Running the Scrapers

Standalone Execution

# Run all enabled scrapers
python scrapers/run_scrapers.py

# Run specific scrapers only
python scrapers/run_scrapers.py --names myriad_myrisk blueprint_genetics

# Preview what would be executed
python scrapers/run_scrapers.py --dry-run

# Custom output directory
python scrapers/run_scrapers.py --output-dir /path/to/output

# Enable verbose logging
python scrapers/run_scrapers.py --verbose

Integration with Custom Panel

# Fetch pre-scraped commercial panel data
custom-panel fetch commercial_panels --output-dir results

Currently Implemented Scrapers

1. Myriad Genetics (parse_myriad.py)

  • URL: https://myriad.com/gene-table/
  • Panel: myRisk Hereditary Cancer Panel
  • Method: Static HTML with BeautifulSoup
  • Genes: ~35 high-risk cancer genes

2. Blueprint Genetics (parse_blueprint.py)

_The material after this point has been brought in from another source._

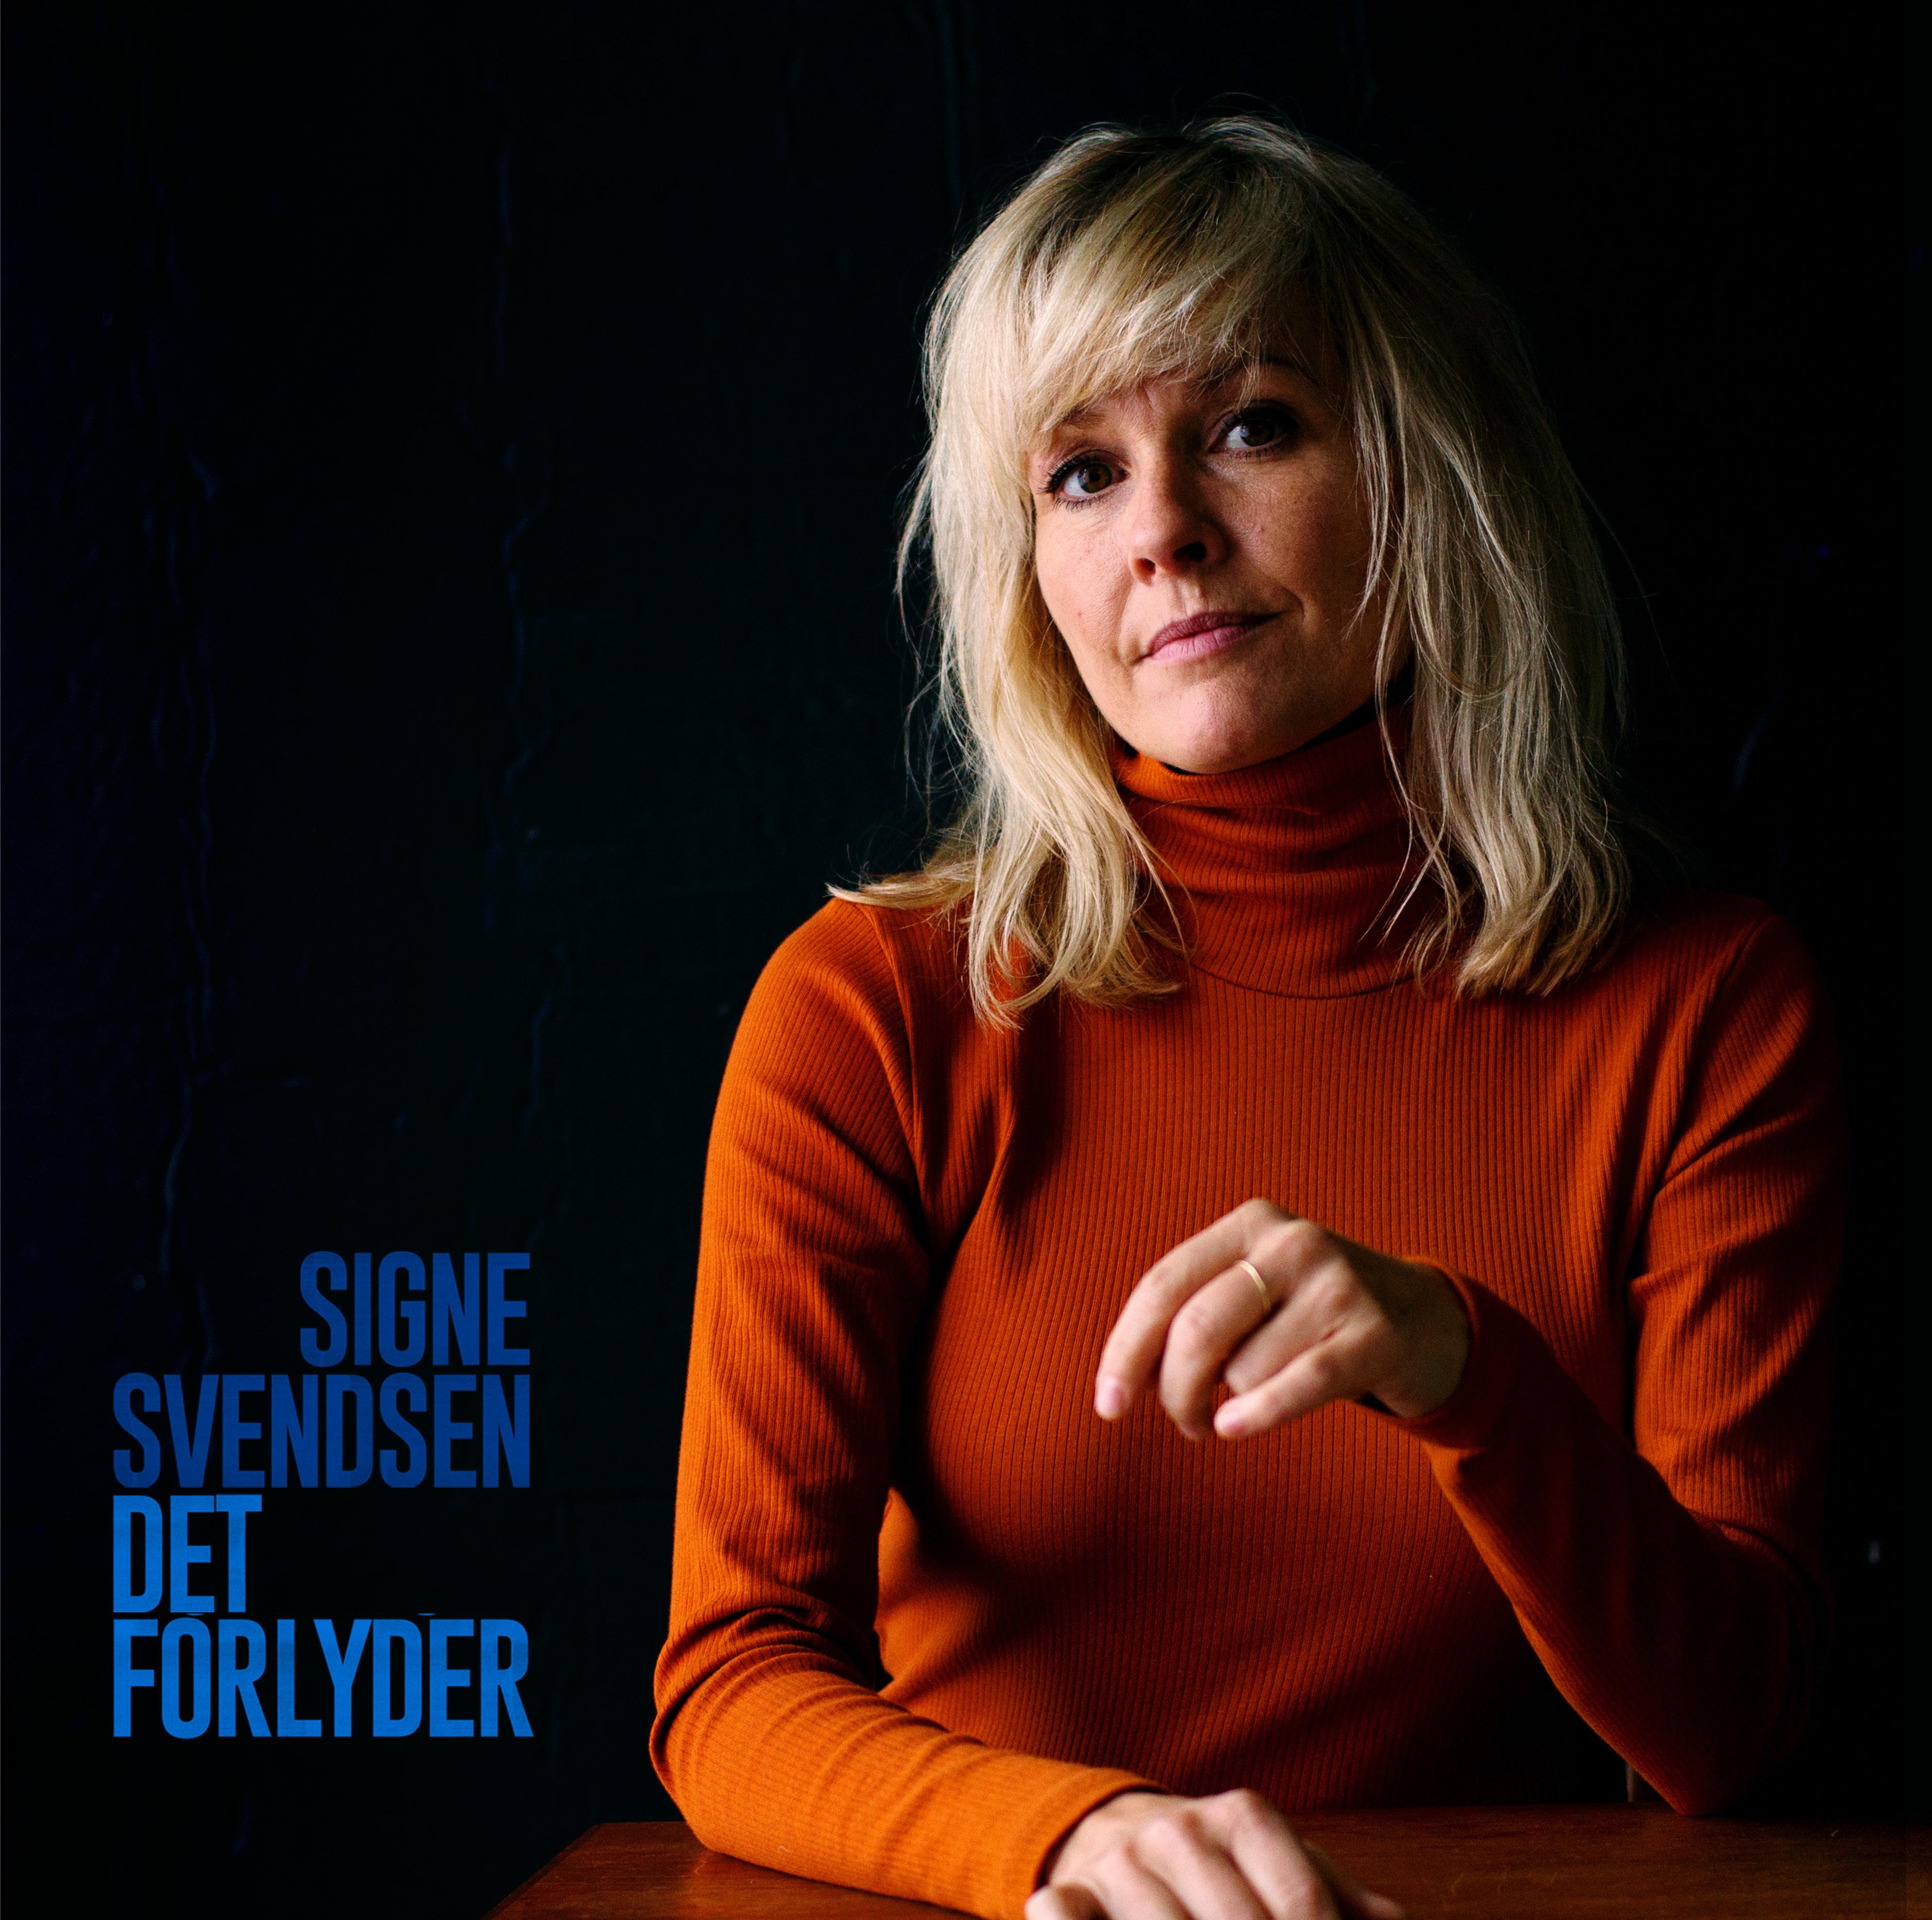 Det Forlyder - Signe Svendsen - Musik - I Do Records - 5707785011324 - 31. januar 2020
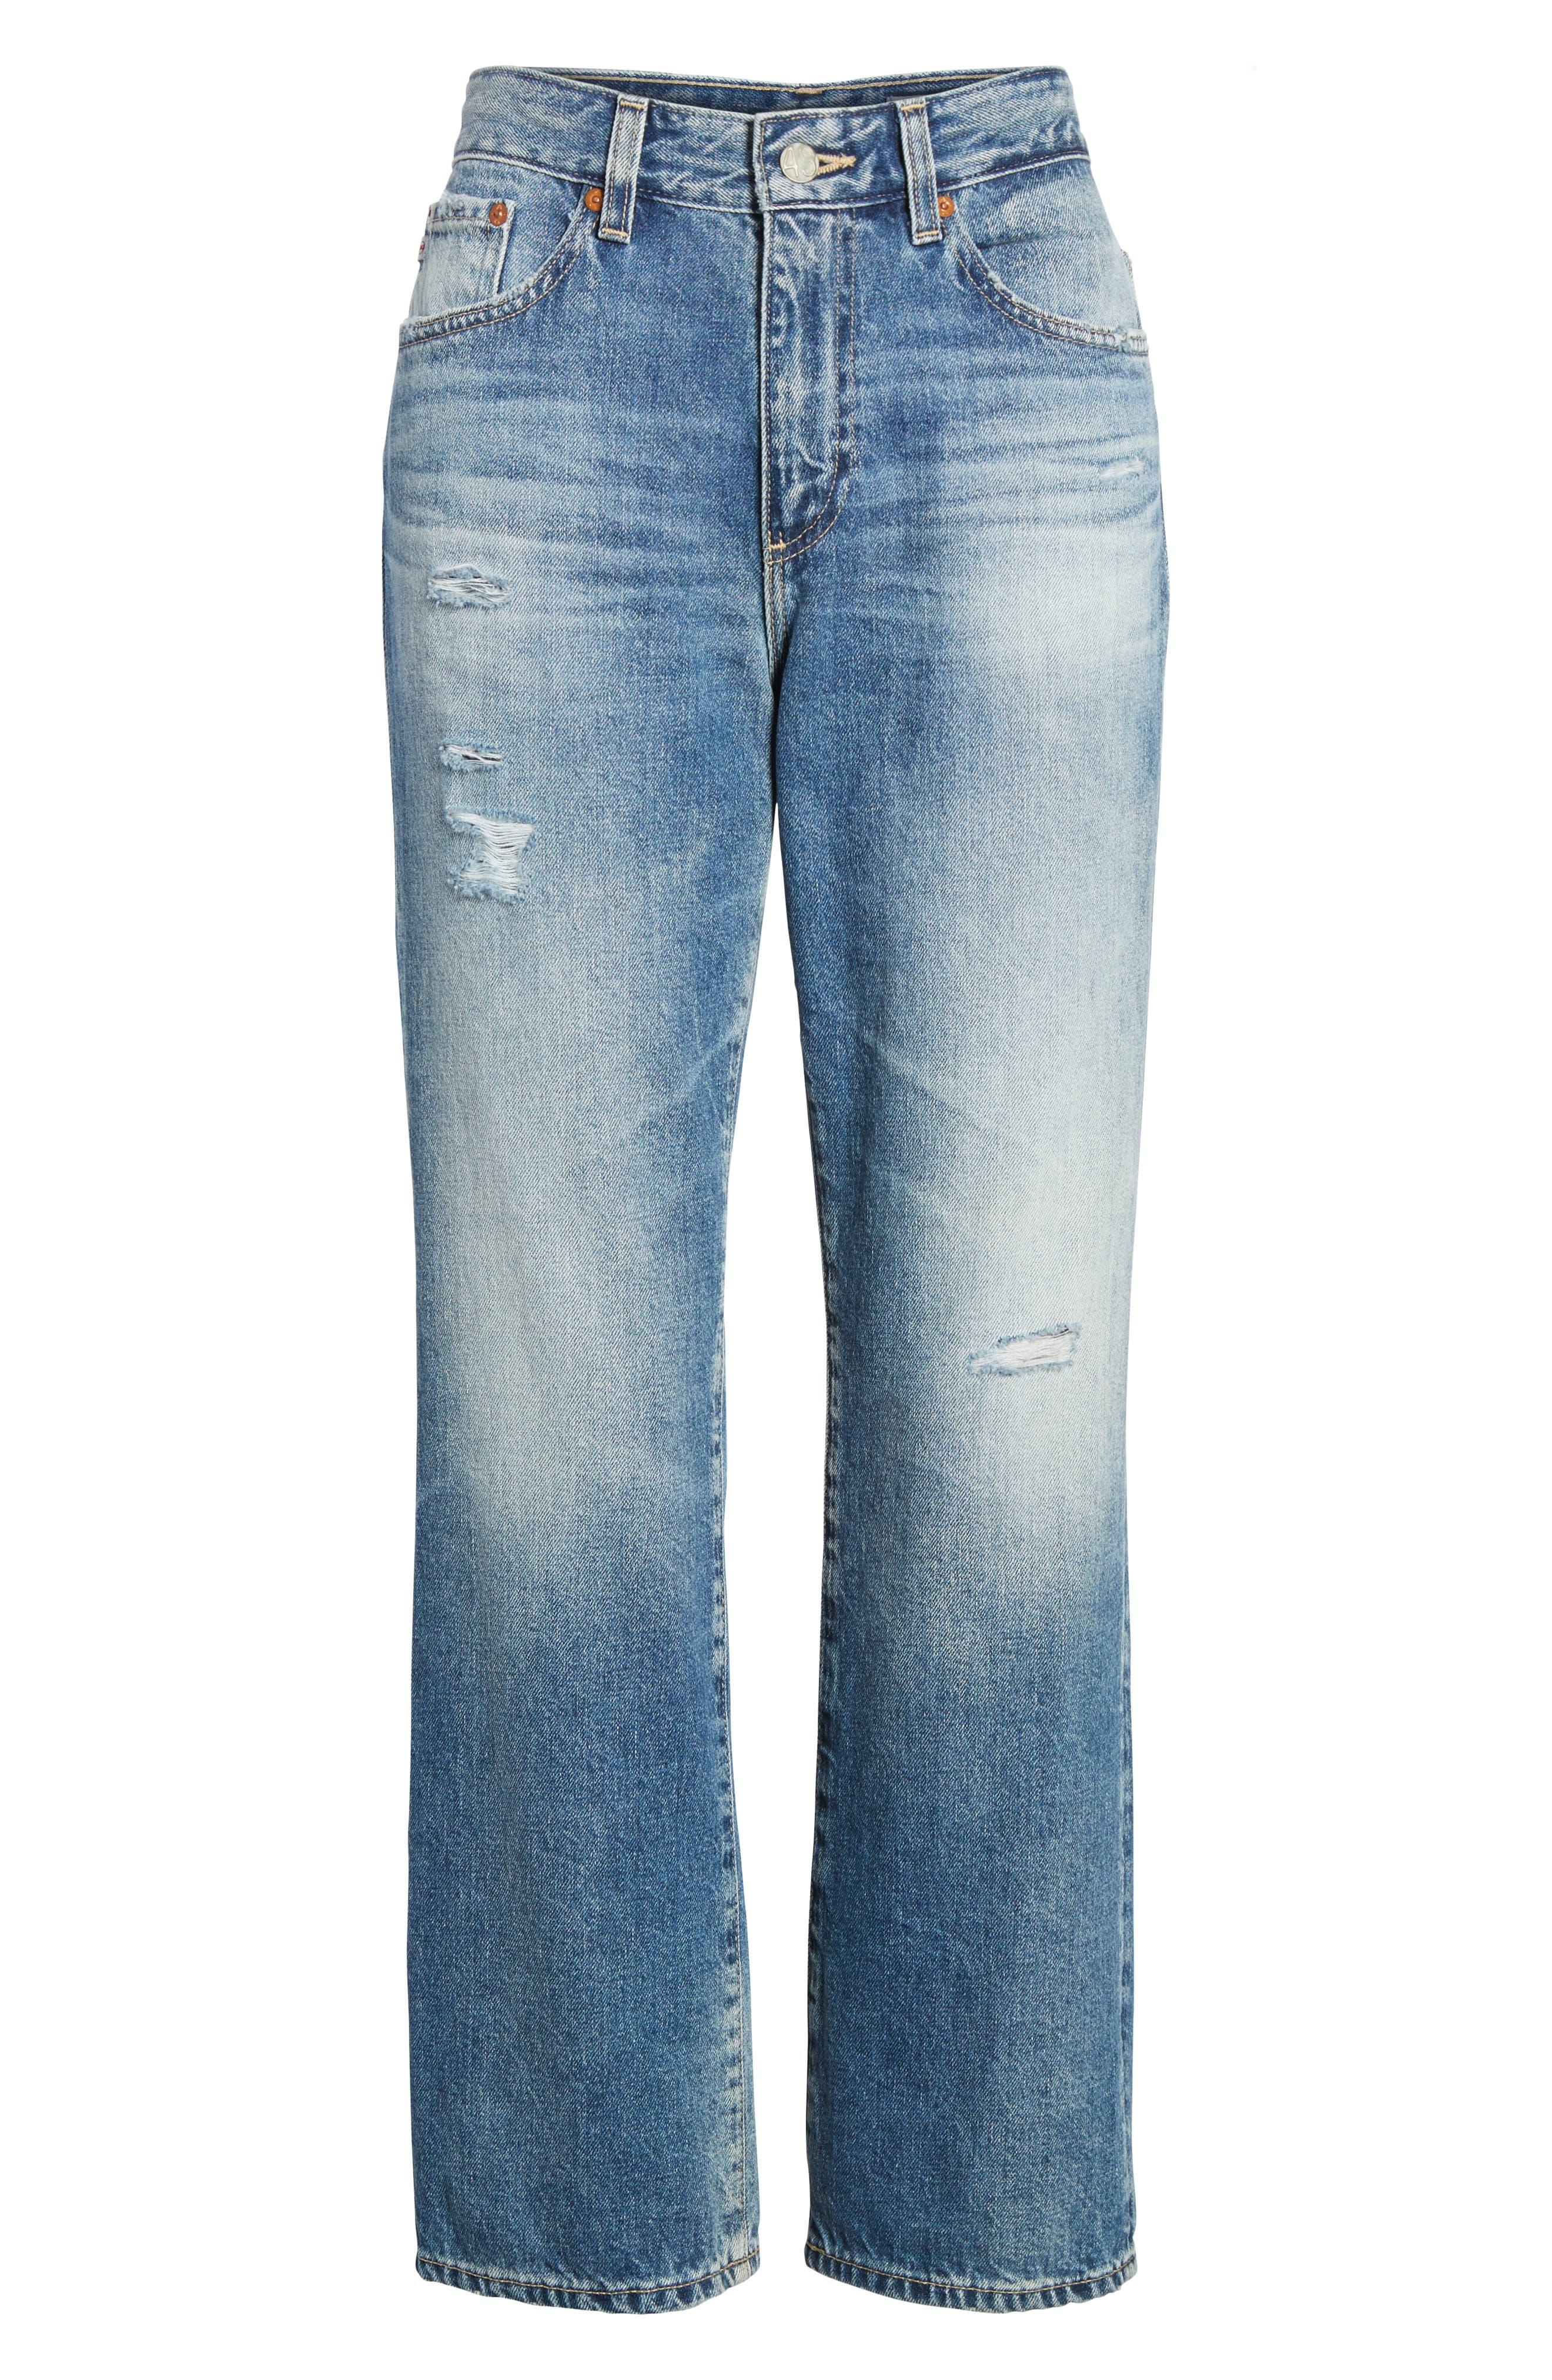 The Rhett Vintage High Waist Crop Jeans,                             Alternate thumbnail 19, color,

  • URL: Multiple sub-panels (19 total)
  • Panels: Comprehensive hereditary cancer panels
  • Method: Dynamic content with Selenium
  • Genes: ~200 genes across all panels

3. Invitae (parse_invitae.py)

  • URL: https://www.invitae.com/en/providers/test-catalog/test-01101
  • Panel: Multi-Cancer Panel
  • Method: JavaScript-rendered with Selenium
  • Genes: ~80 cancer predisposition genes

4. GeneDx (parse_genedx.py)

  • URL: https://www.genedx.com/tests/detail/oncogenedx-custom-panel-871
  • Panel: Comprehensive Cancer Panel
  • Method: Static HTML parsing
  • Genes: ~70 hereditary cancer genes

5. Fulgent Genetics (parse_fulgent.py)

  • URL: https://www.fulgentgenetics.com/comprehensivecancer-full
  • Panel: Comprehensive Cancer Panel
  • Method: BeautifulSoup with fallback strategies
  • Genes: ~130 cancer genes

Additional Providers

  1. Centogene - Solid tumor panel
  2. CEGAT - Tumor syndrome panel
  3. MGZ Munich - German cancer panel
  4. University of Chicago - Academic cancer panel
  5. Prevention Genetics - Hereditary cancer panel
  6. ARUP Laboratories - Clinical cancer panel
  7. Cincinnati Children's - Pediatric focus
  8. NeoGenomics - Oncology specialists
  9. Natera - Hereditary cancer test

Parser Implementation

Base Parser Class

All parsers inherit from BaseParser:

class BaseParser(ABC):
    """Abstract base parser for commercial panels."""

    def __init__(self, config: dict[str, Any]):
        self.name = config["name"]
        self.url = config["url"]
        self.output_path = config["output_path"]

    @abstractmethod
    def parse(self) -> list[str]:
        """Extract gene symbols from website."""
        pass

    def save_results(self, genes: list[str]) -> None:
        """Save standardized JSON output."""
        # Implemented in base class

Parsing Strategies

Static HTML (BeautifulSoup)

For simple HTML pages:

def parse(self) -> list[str]:
    response = requests.get(self.url, timeout=30)
    soup = BeautifulSoup(response.content, "html.parser")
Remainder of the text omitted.